● Recorded information
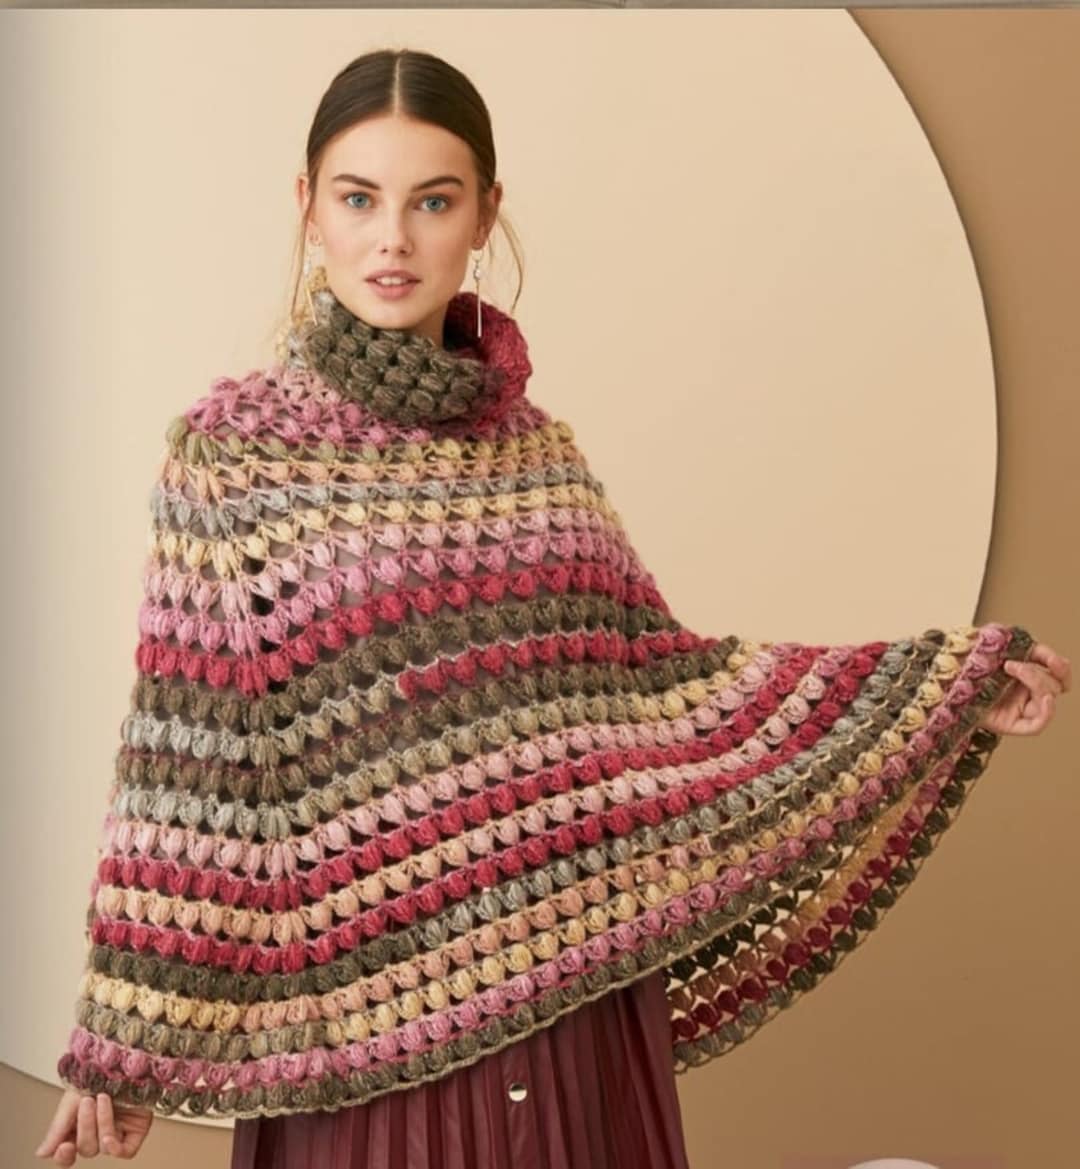 Invitere entanglement Enrich Women's Multicolored Poncho Crochet / Made to Order - Etsy Norway
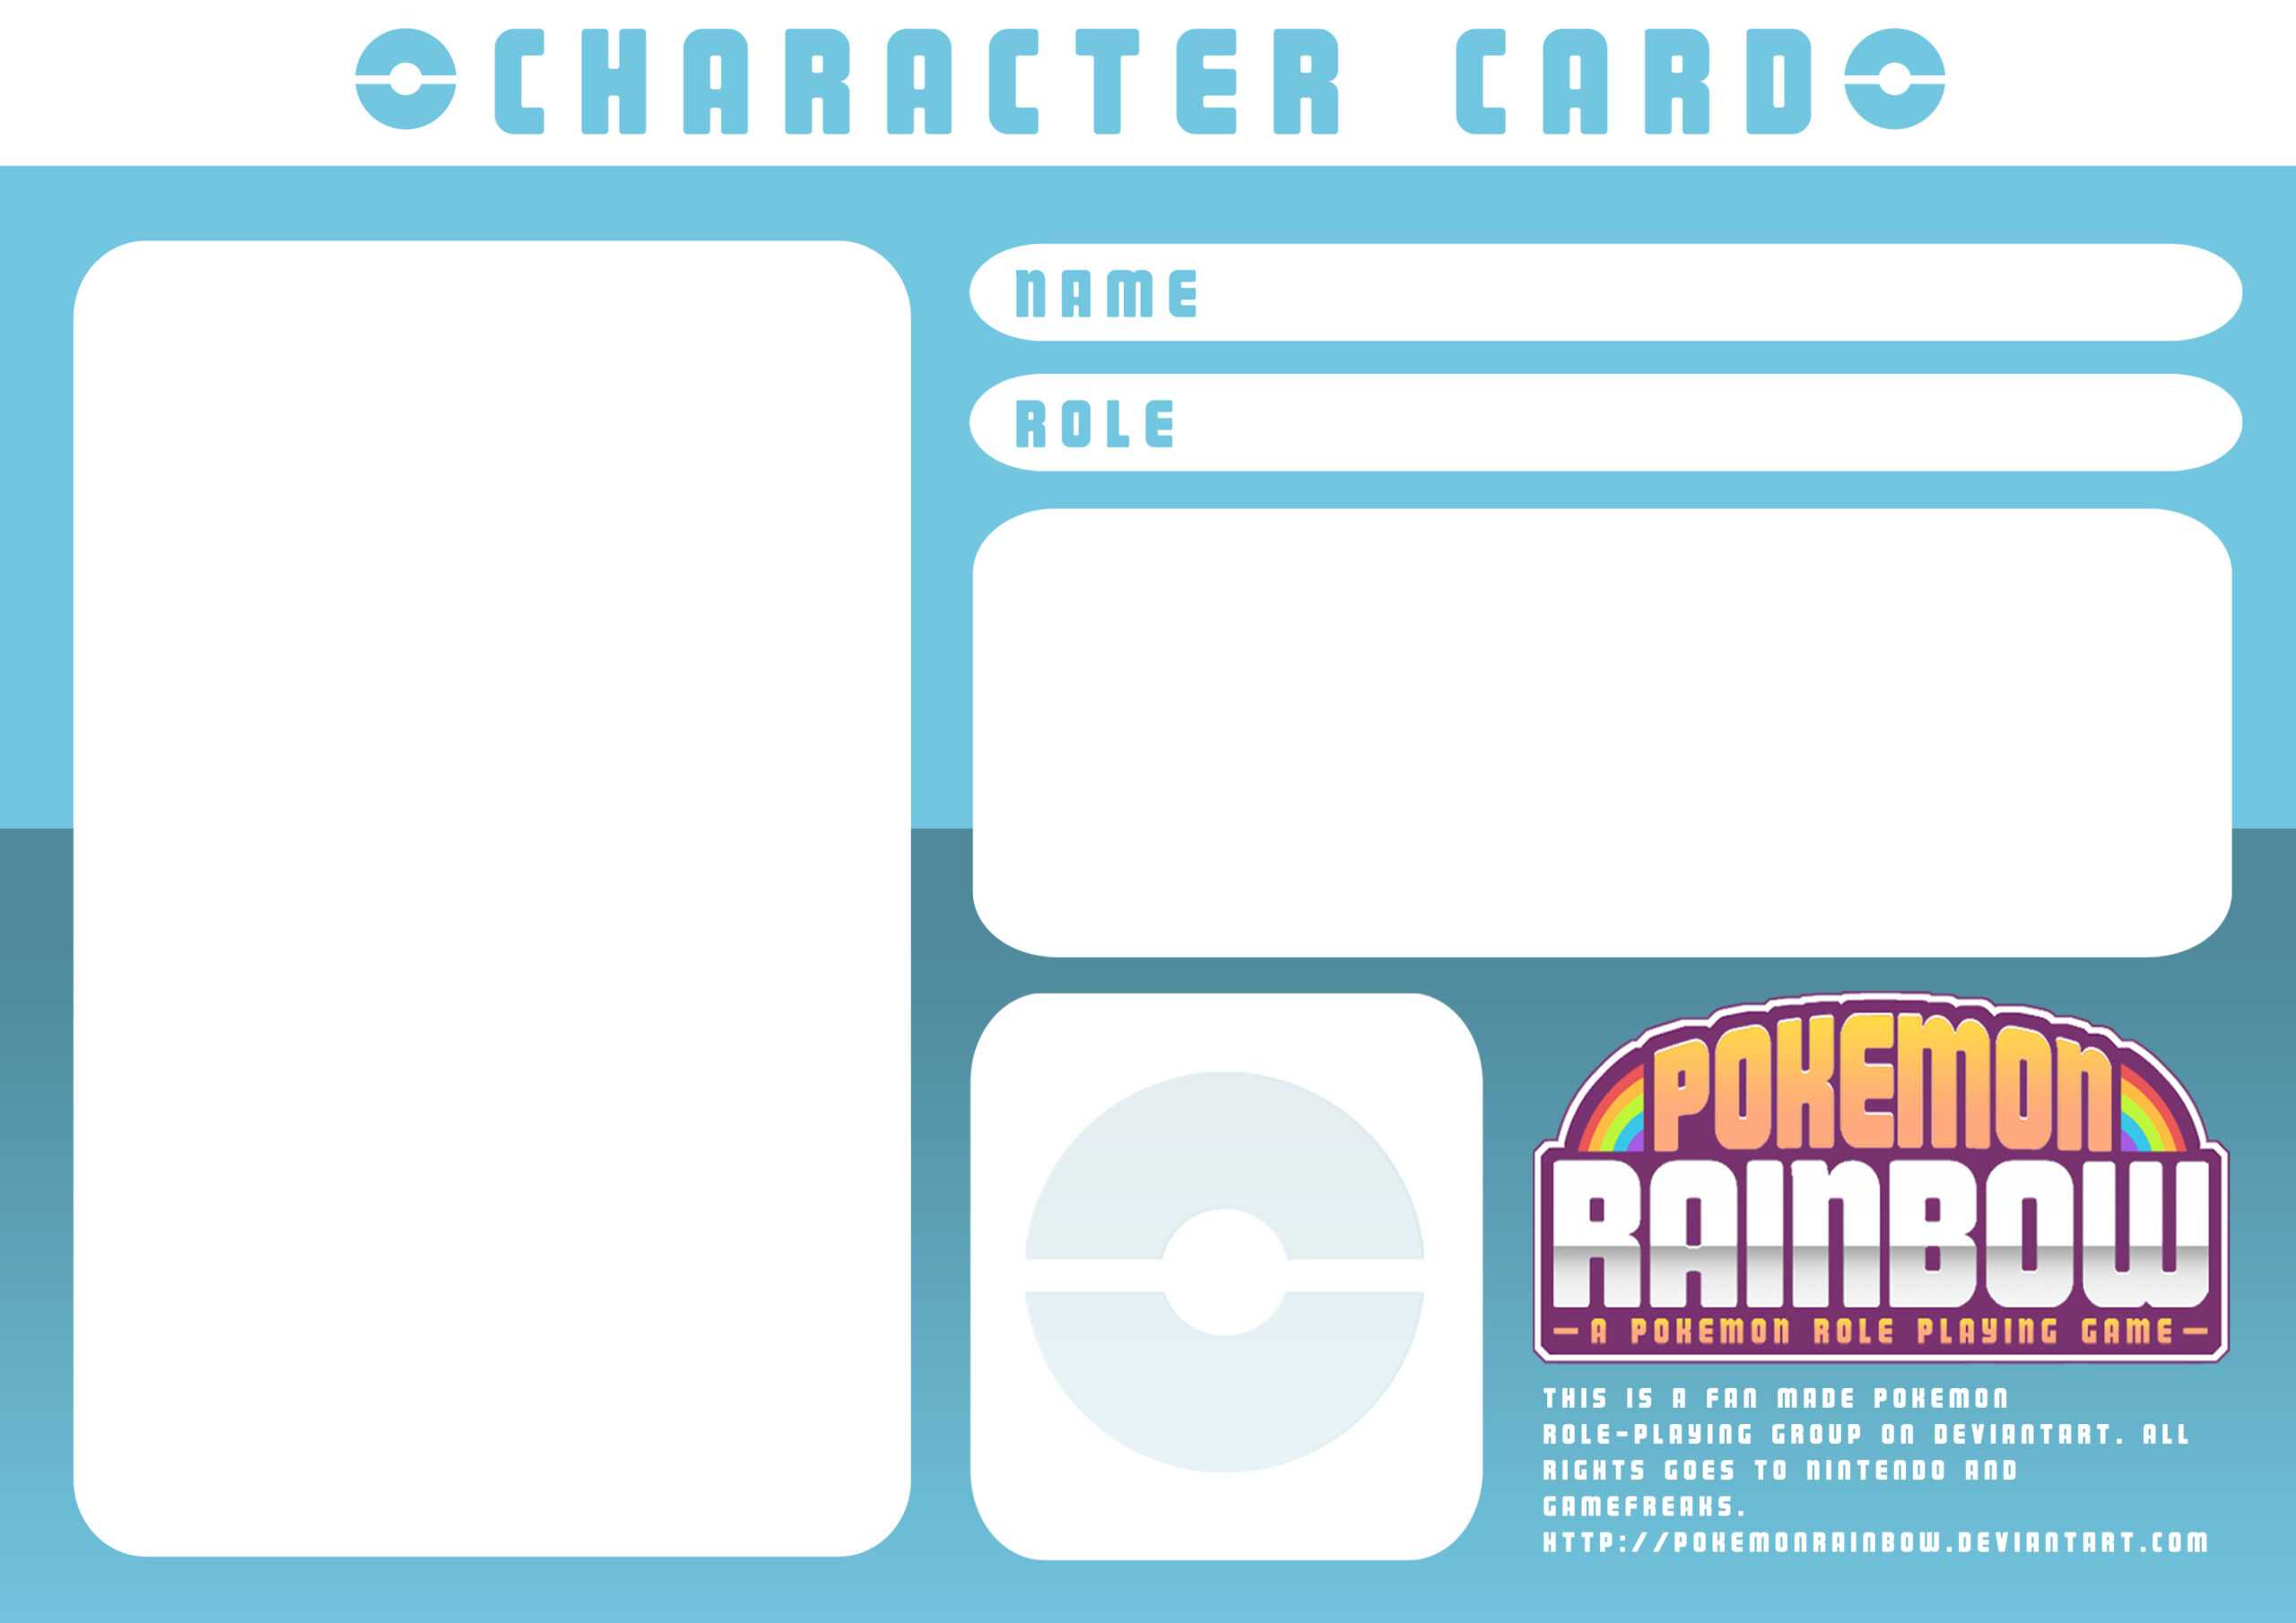 Character Card Templatery Spirit On Deviantart Throughout Pokemon Trainer Card Template
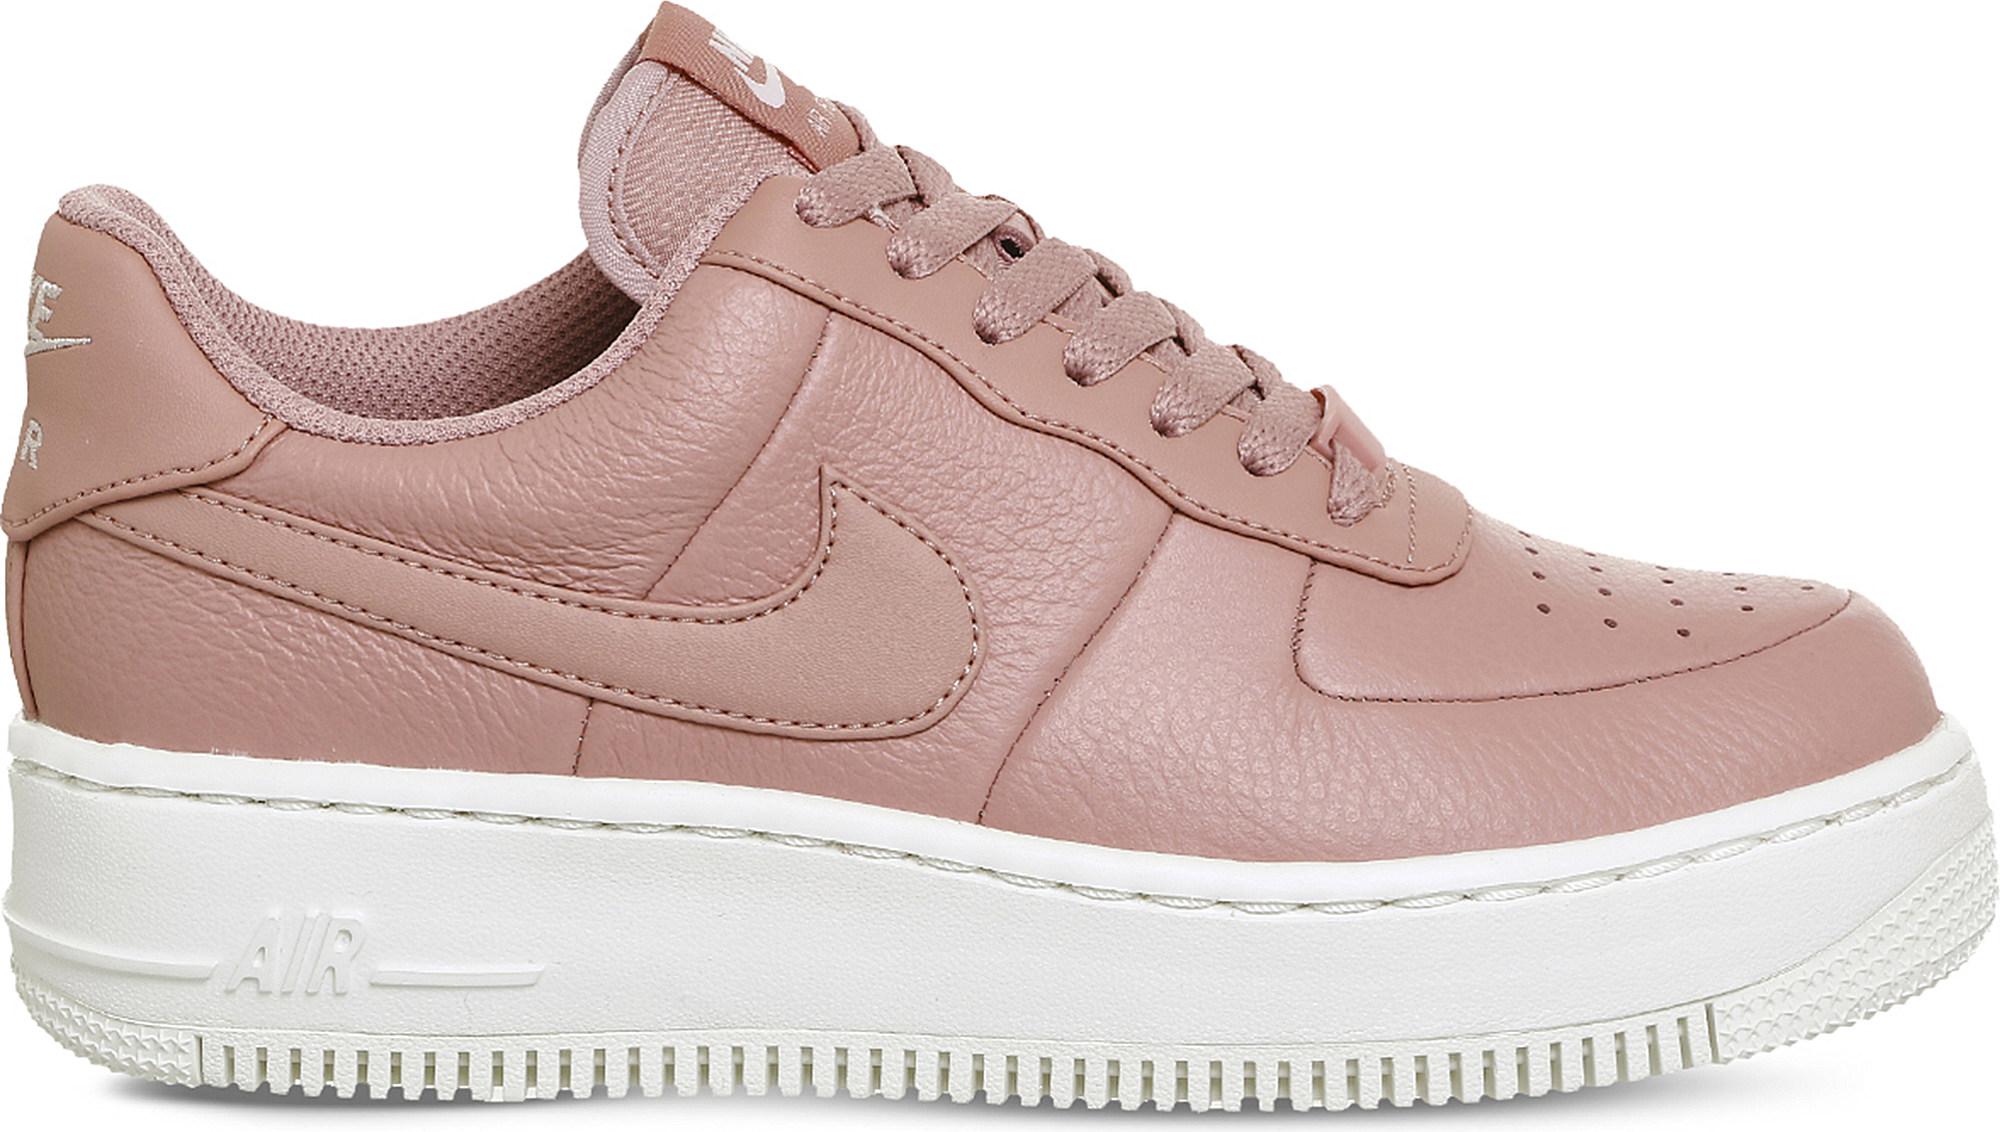 nike air force 1 pink leather online -

● Problem statement
Word for word, print all of the data; skip the pictures.

● Response to the task
 Invitere entanglement Enrich Women's Multicolored Poncho Crochet / Made to Order - Etsy Norway
 Character Card Templatery Spirit On Deviantart Throughout Pokemon Trainer Card Template
 nike air force 1 pink leather online -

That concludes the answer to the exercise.